──────── EXCERPTED DATA

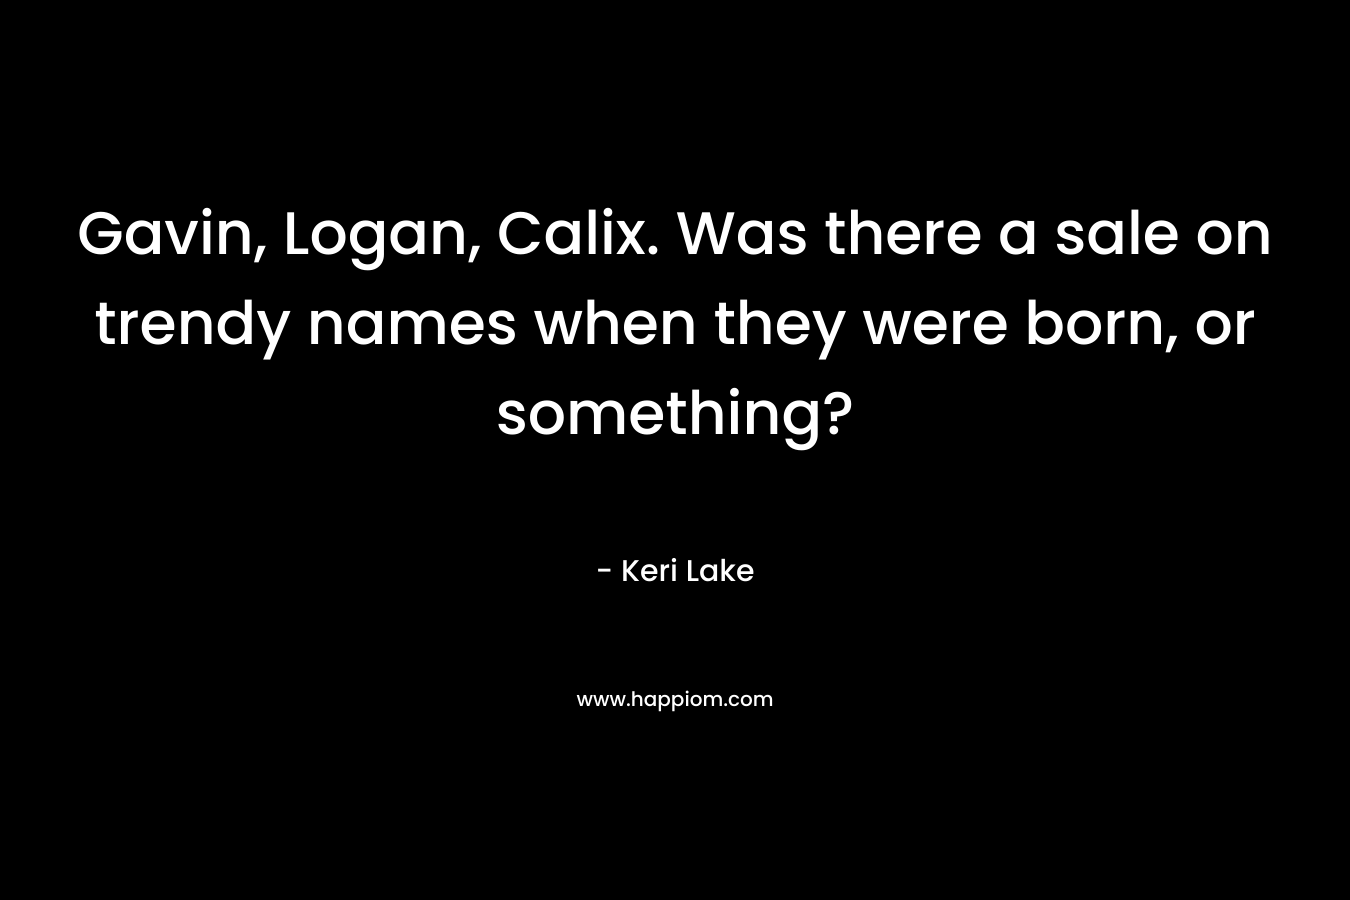 Gavin, Logan, Calix. Was there a sale on trendy names when they were born, or something? – Keri Lake
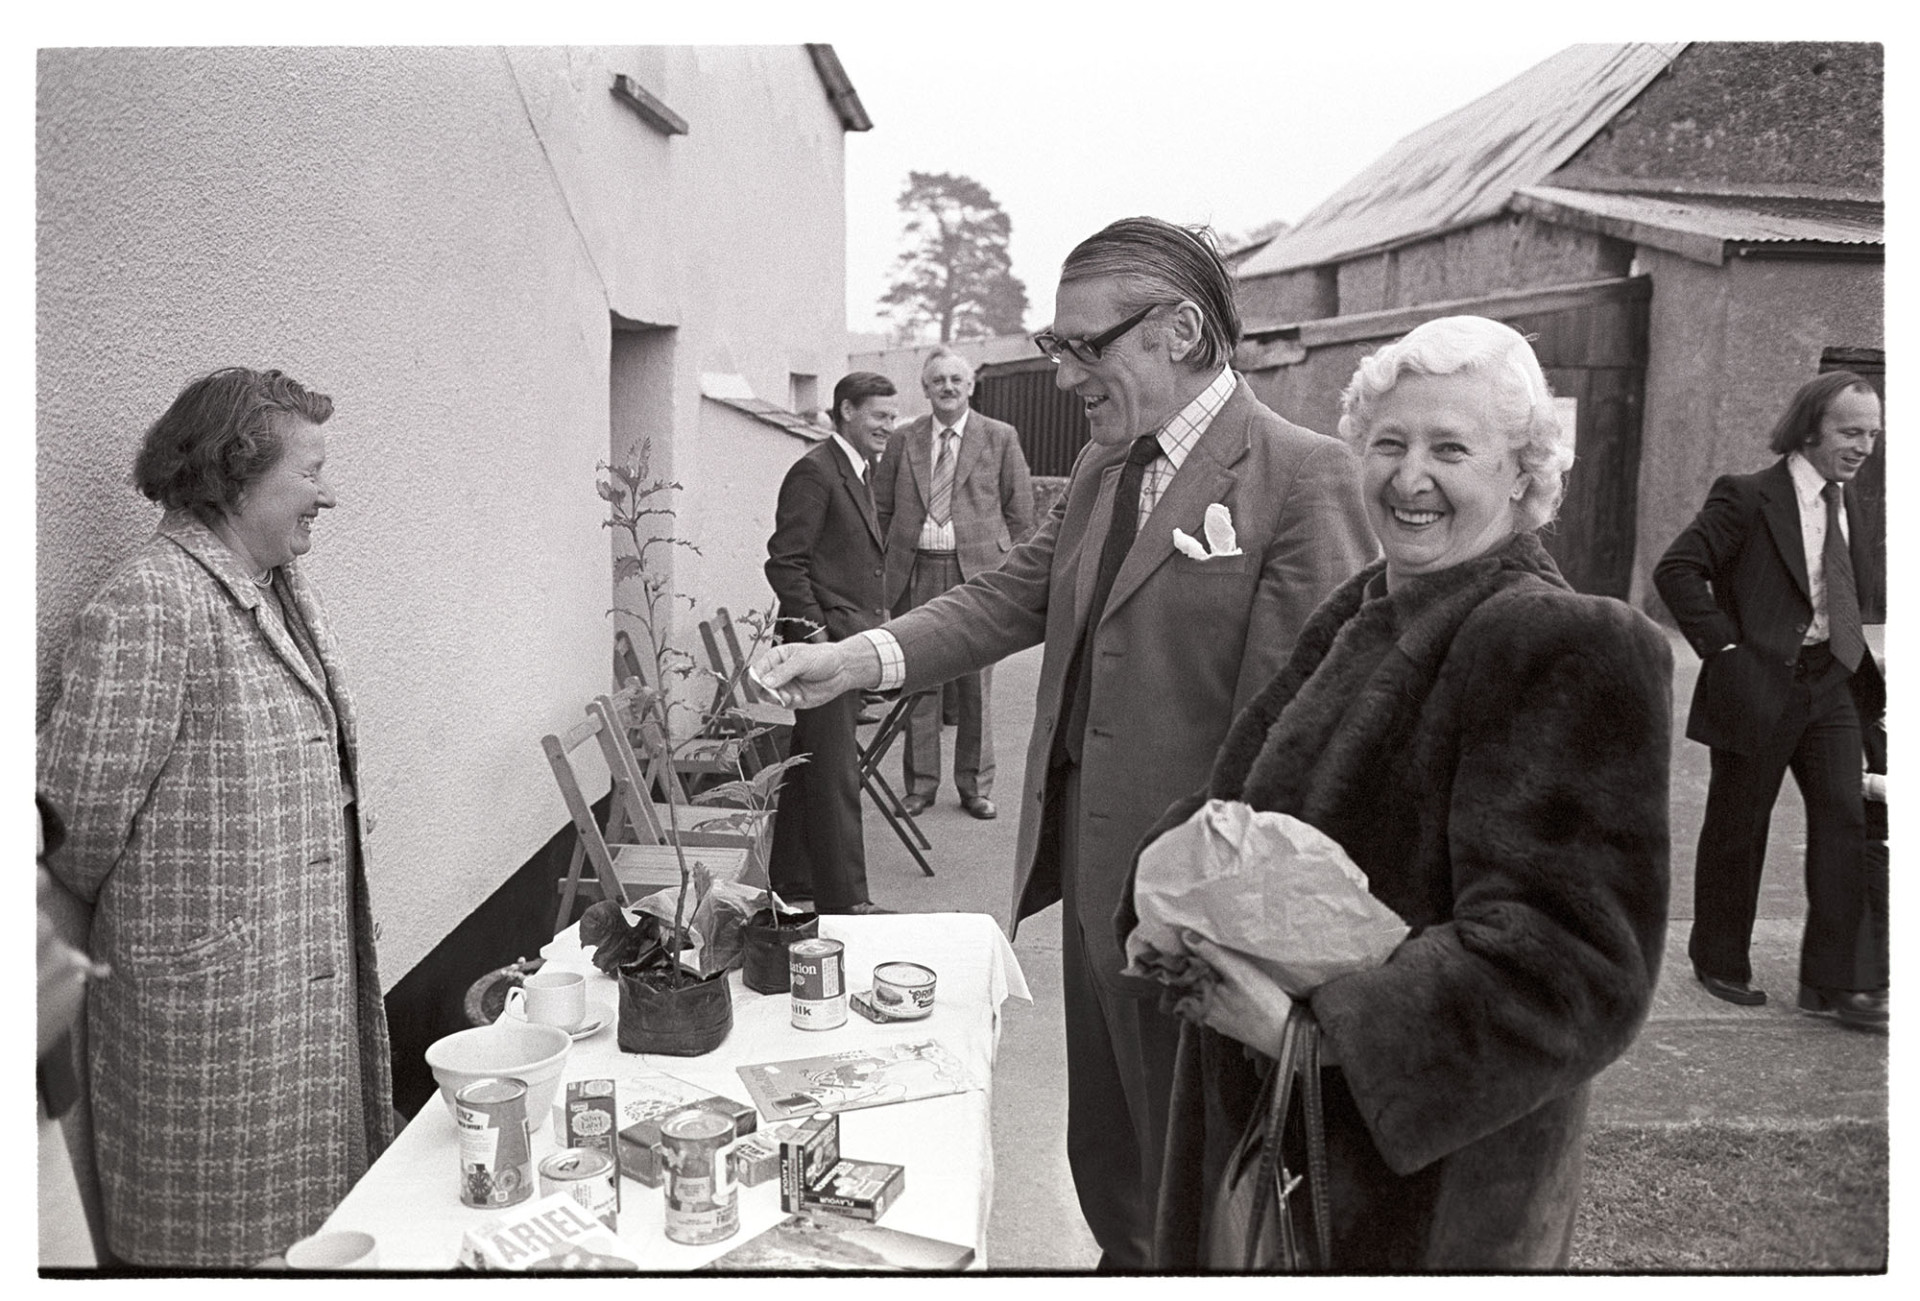 Conservative Party fete at farm, MP and woman at produce stall. 
[Peter Mills MP and a woman looking at a plant on a stall at the Conservative Party Fete at great Cudworthy Farm, Dolton.]
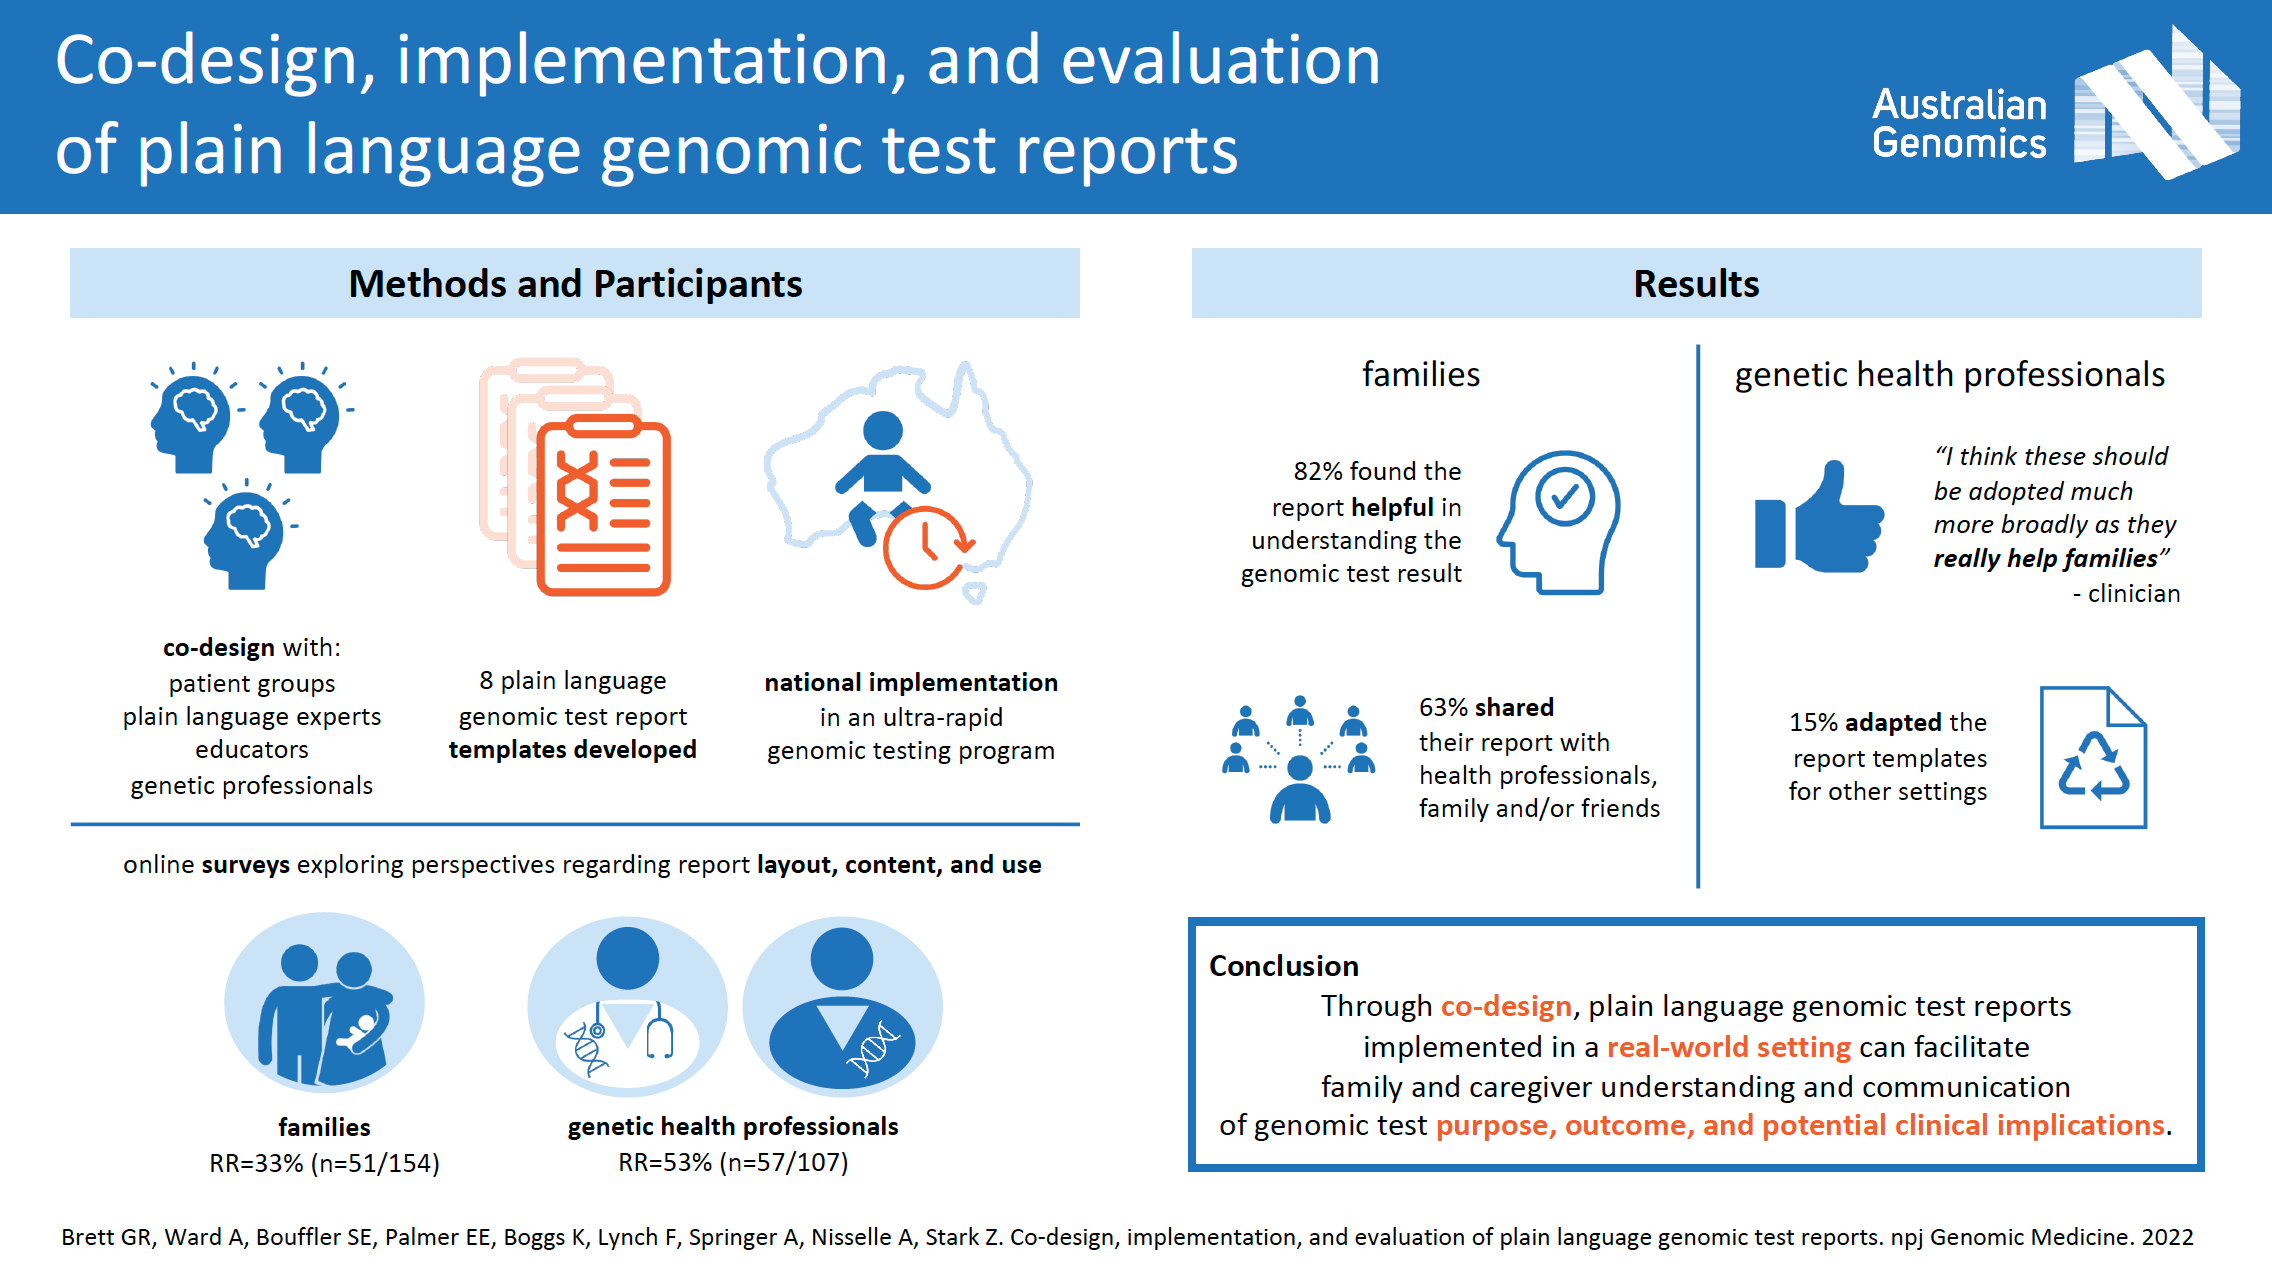 Co-design, implementation, and evaluation of plain language genomic test reports
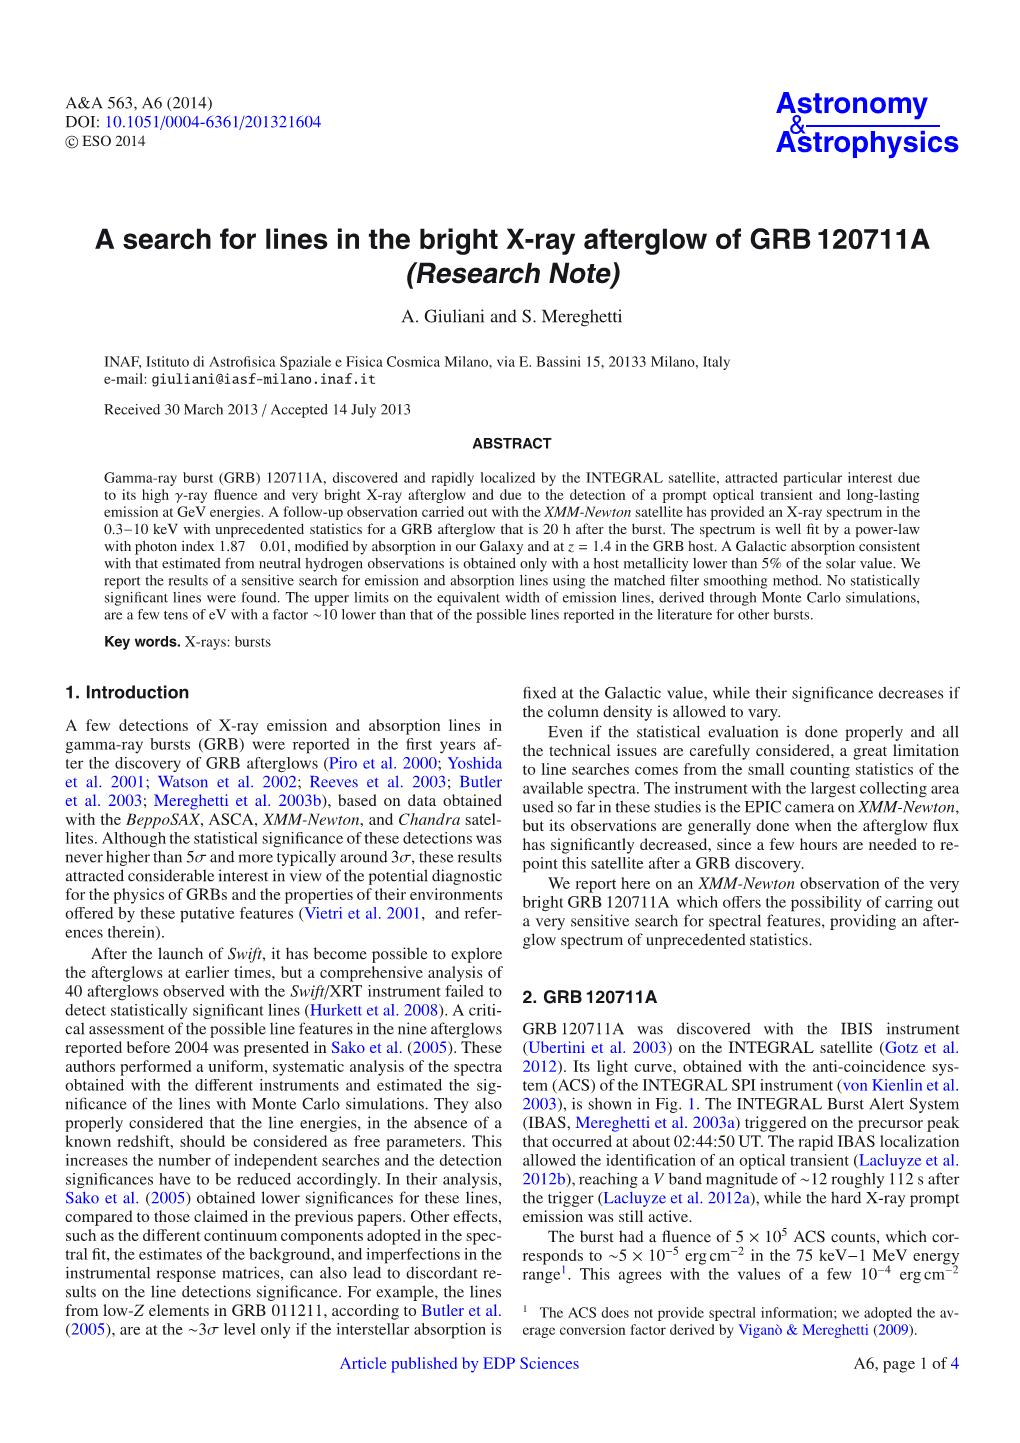 A Search for Lines in the Bright X-Ray Afterglow of GRB 120711A (Research Note)

────────────────

→ PROBLEM STATEMENT
In the records above, find the line containing "[Peter Mills MP", then write out exactly that line and every later one through the last, omitting pictures.

→ COMPLETED EXERCISE
[Peter Mills MP and a woman looking at a plant on a stall at the Conservative Party Fete at great Cudworthy Farm, Dolton.]
 Co-design, implementation, and evaluation of plain language genomic test reports
 A Search for Lines in the Bright X-Ray Afterglow of GRB 120711A (Research Note)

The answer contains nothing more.